Biological Characterization and Cosmetic Potential of Natto Extract

Skin aging is a multifaceted biological process driven by genetic factors and accelerated by external stressors like UV radiation and environmental pollutants. These factors trigger the upregulation of matrix-degrading enzymes, specifically collagenase and elastase, which break down the skin’s structural proteins, leading to wrinkles and loss of elasticity. Simultaneously, overactive tyrosinase causes hyperpigmentation and reduced skin luminosity. To address these issues, there is a growing demand for natural, plant-derived bioactive agents. Natto, a fermented soybean product, was identified as a potential solution because the fermentation process by Bacillus subtilis var. natto significantly enhances the bioavailability of phenolic compounds and flavonoids. These compounds possess potent antioxidant and enzyme-inhibitory properties, making Natto a promising candidate for rejuvenating and brightening the skin.

Methods

Soybeans were fermented with Bacillus subtilis var. natto, freeze-dried, and extracted using 80% ethanol to produce Natto Powder Extract (NPE). The study quantified its phenolic and flavonoid content while assessing antioxidant activity through DPPH, ABTS, and FRAP assays. NPE’s inhibitory effects on collagenase, elastase, and tyrosinase were measured, and its impact on human dermal fibroblast proliferation and cytotoxicity was evaluated. Finally, an emulsion serum containing 1% NPE was formulated and subjected to six heating-cooling cycles to determine its physical stability, pH, and viscosity.

Key Findings

Bioactive Content: NPE yielded a 19.00% recovery with high concentrations of phenolics (20.64 mg GAE/g) and flavonoids (22.34 mg QE/g), enriched by microbial enzymatic activity during fermentation.

Antioxidant Power: The extract demonstrated significant radical scavenging abilities, with IC50 values of 2.84 mg/mL for DPPH and 0.76 mg/mL for ABTS, correlating with its high polyphenol content.

Enzyme Inhibition: NPE effectively inhibited skin-aging enzymes, particularly elastase (IC50 0.98 mg/mL) and collagenase (IC50 2.64 mg/mL), likely through hydrophobic interactions and metal-chelating mechanisms.

Cell Proliferation: At non-cytotoxic concentrations (62.5 and 125 µg/mL), NPE significantly stimulated the proliferation of human dermal fibroblasts, reaching up to 111.39% compared to the control.

Formulation Stability: The developed emulsion serum remained stable throughout thermal stress testing, maintaining an acceptable pH (5.33) and viscosity without phase separation.

The novelty of this research lies in demonstrating that fermented Natto, traditionally a food staple, serves as a potent multi-functional cosmeceutical ingredient that simultaneously targets oxidation, enzymatic degradation, and cellular regeneration.

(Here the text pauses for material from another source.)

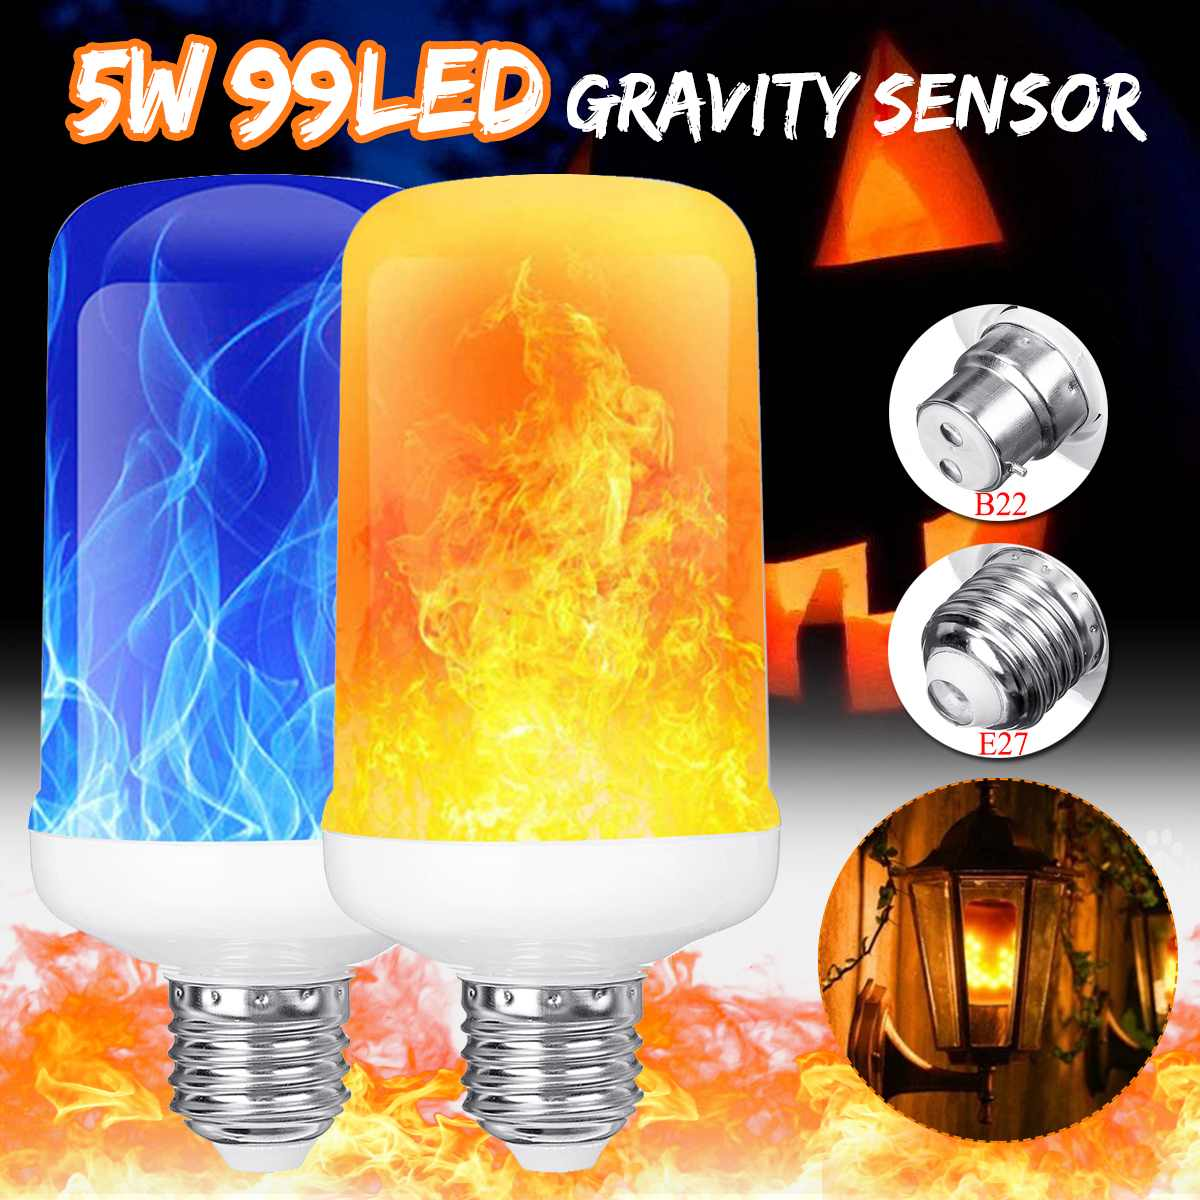 Bombilla de llama Smuxi E27 B22, Bombilla LED con efecto de llama de fuego 85-265V, Bombilla de maíz parpadeante, lámpara de decoración, lámpara LED de iluminación

By successfully integrating the extract into a stable serum, the study bridges the gap between traditional fermentation and modern skincare technology. Future implications suggest that NPE could become a primary active agent in anti-aging and skin-whitening products, though subsequent research must focus on its long-term clinical efficacy and safety in human subjects.